#### DATA SEGMENT

....

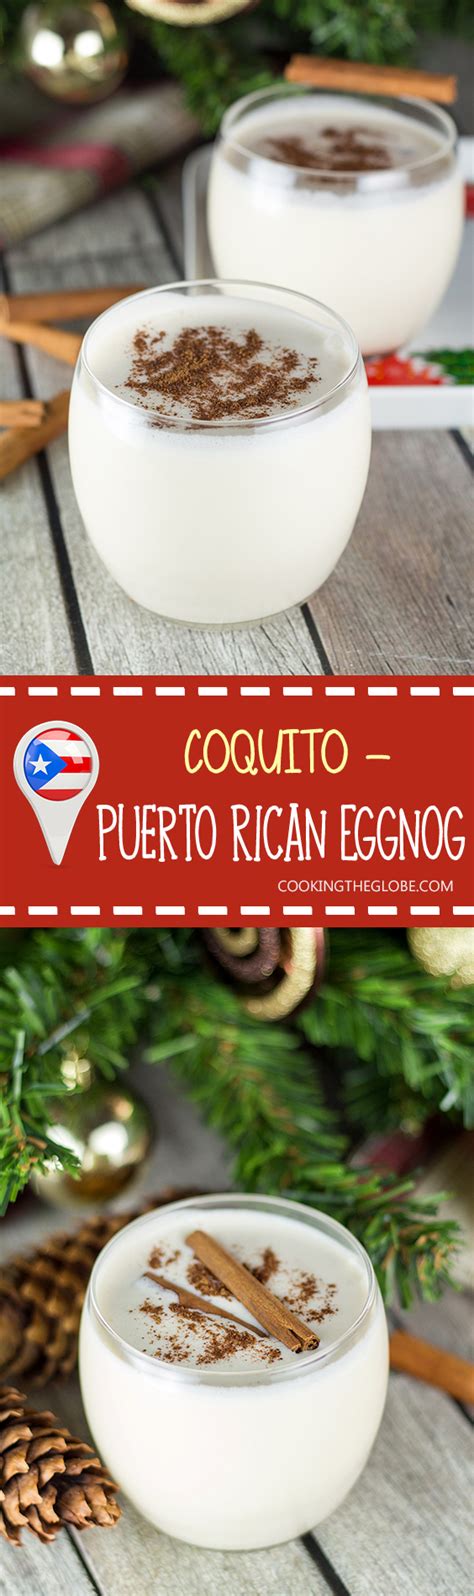 Perfect for santa to enjoy! How to Make Coquito (Puerto Rican Eggnog) in a Flash
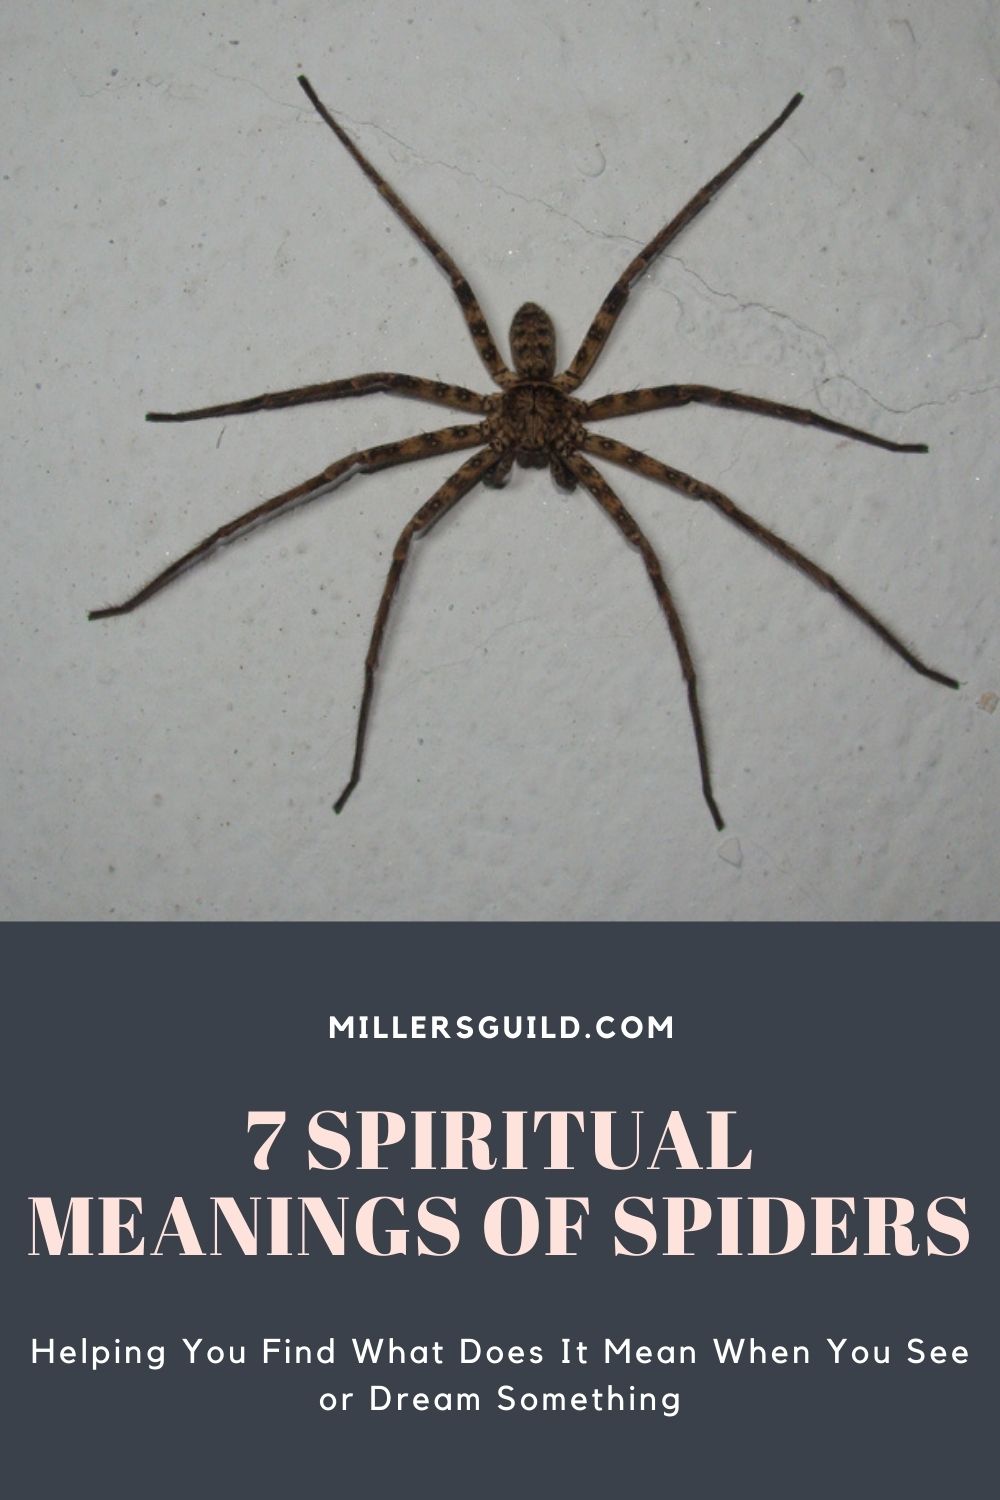 7 Spiritual Meanings of Spiders - Miller's Guild
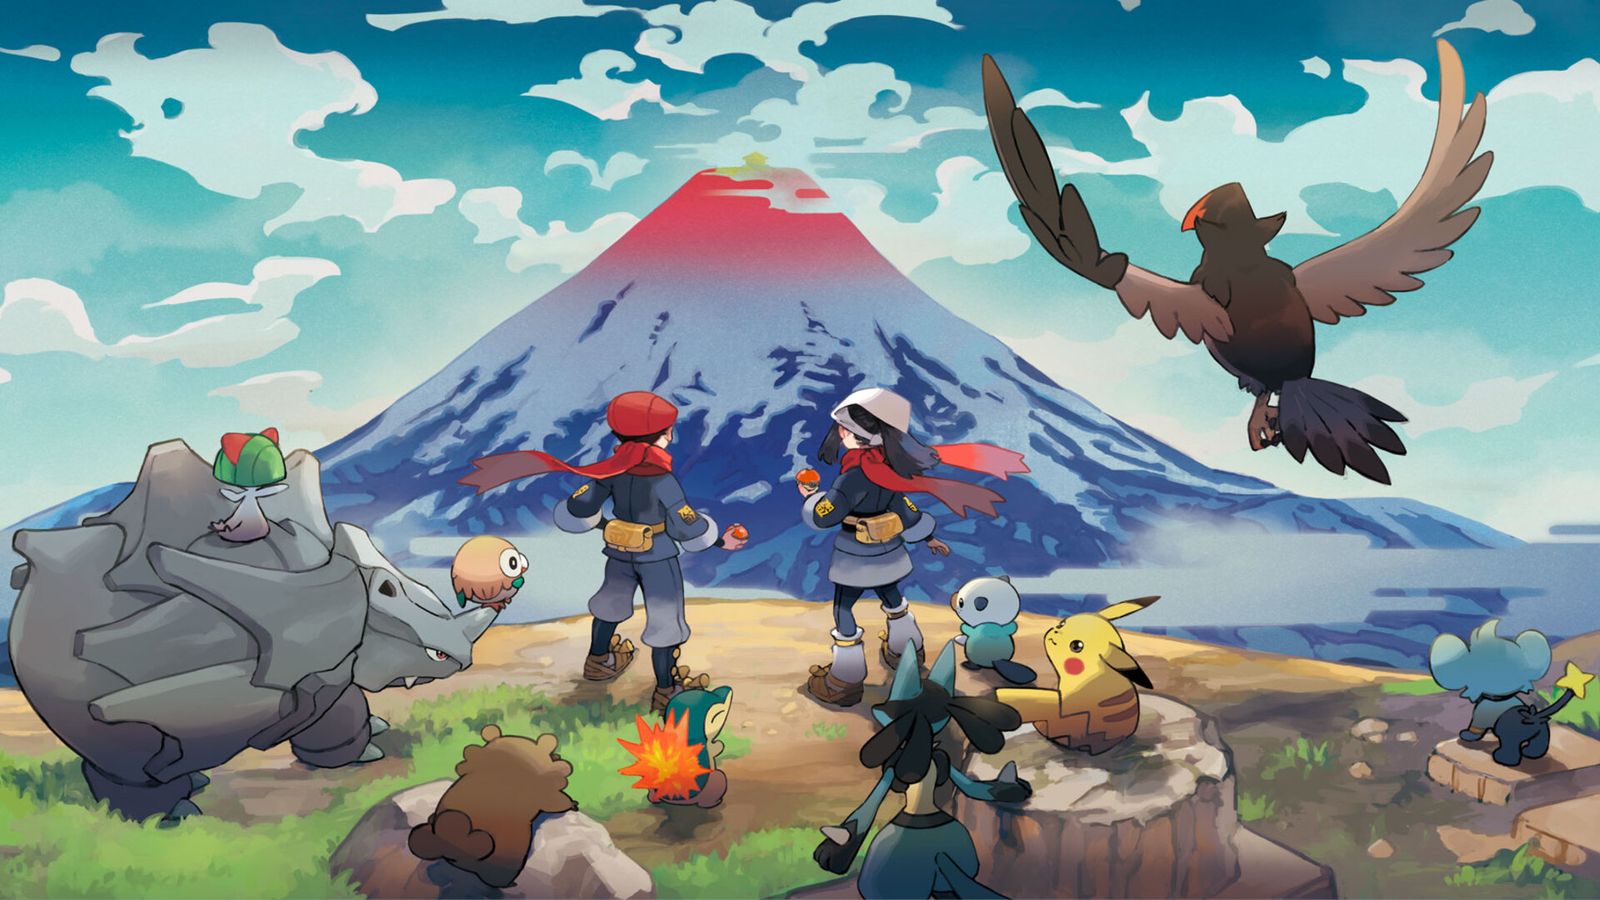 Cover art for Pokemon Legends Arceus, featuring a group of pokemon and trainers looking at a volcano.
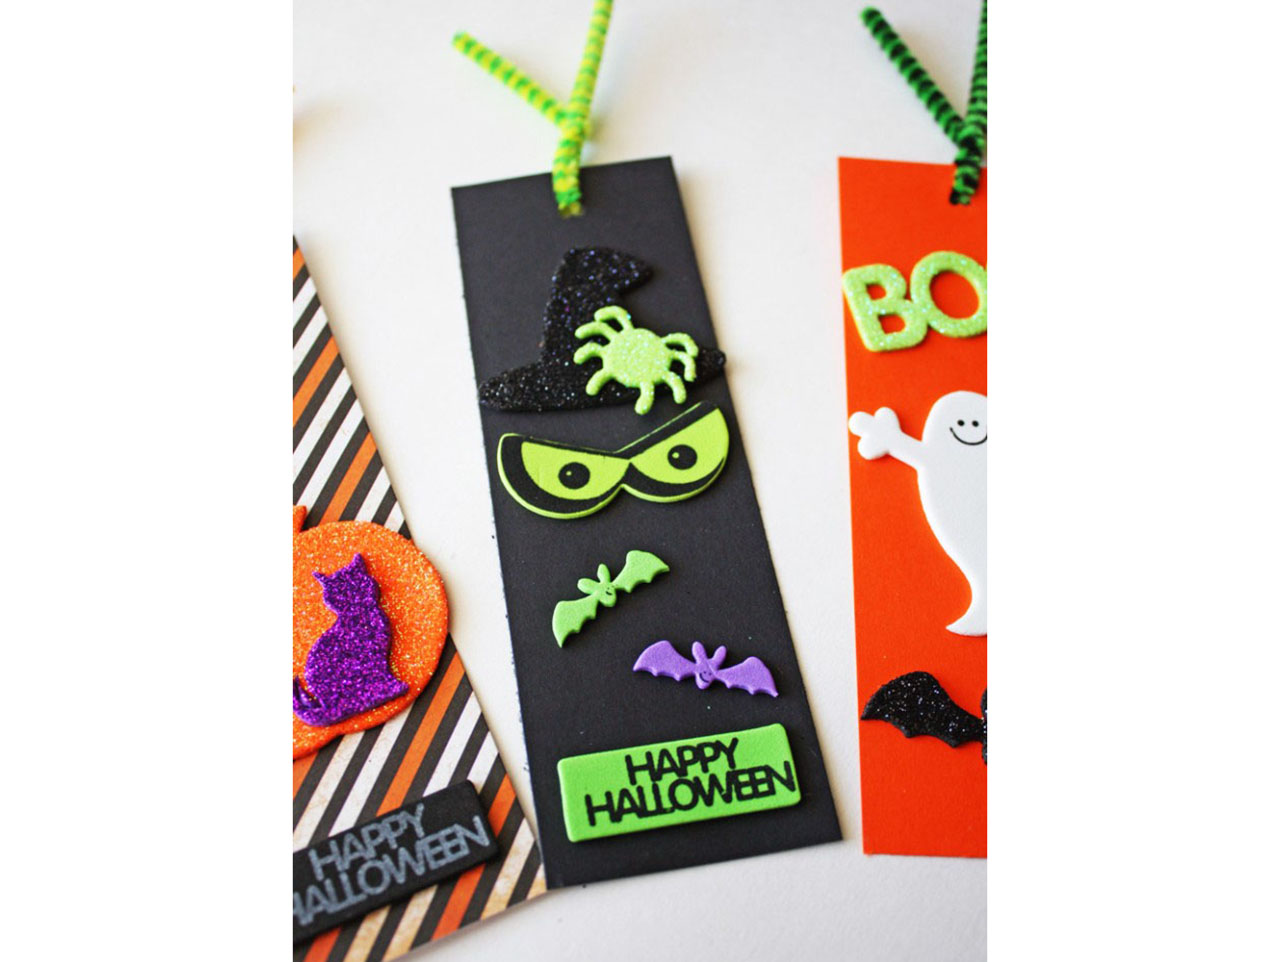 Halloween Bookmarks, Personalized Bookmarks

....

#### GOAL OF THE EXERCISE
The listing must be returned in full and exactly, apart from its pictures.

#### COMPLETED EXERCISE
 Perfect for santa to enjoy! How to Make Coquito (Puerto Rican Eggnog) in a Flash
 7 Spiritual Meanings of Spiders - Miller's Guild
 Cover art for Pokemon Legends Arceus, featuring a group of pokemon and trainers looking at a volcano.
 Halloween Bookmarks, Personalized Bookmarks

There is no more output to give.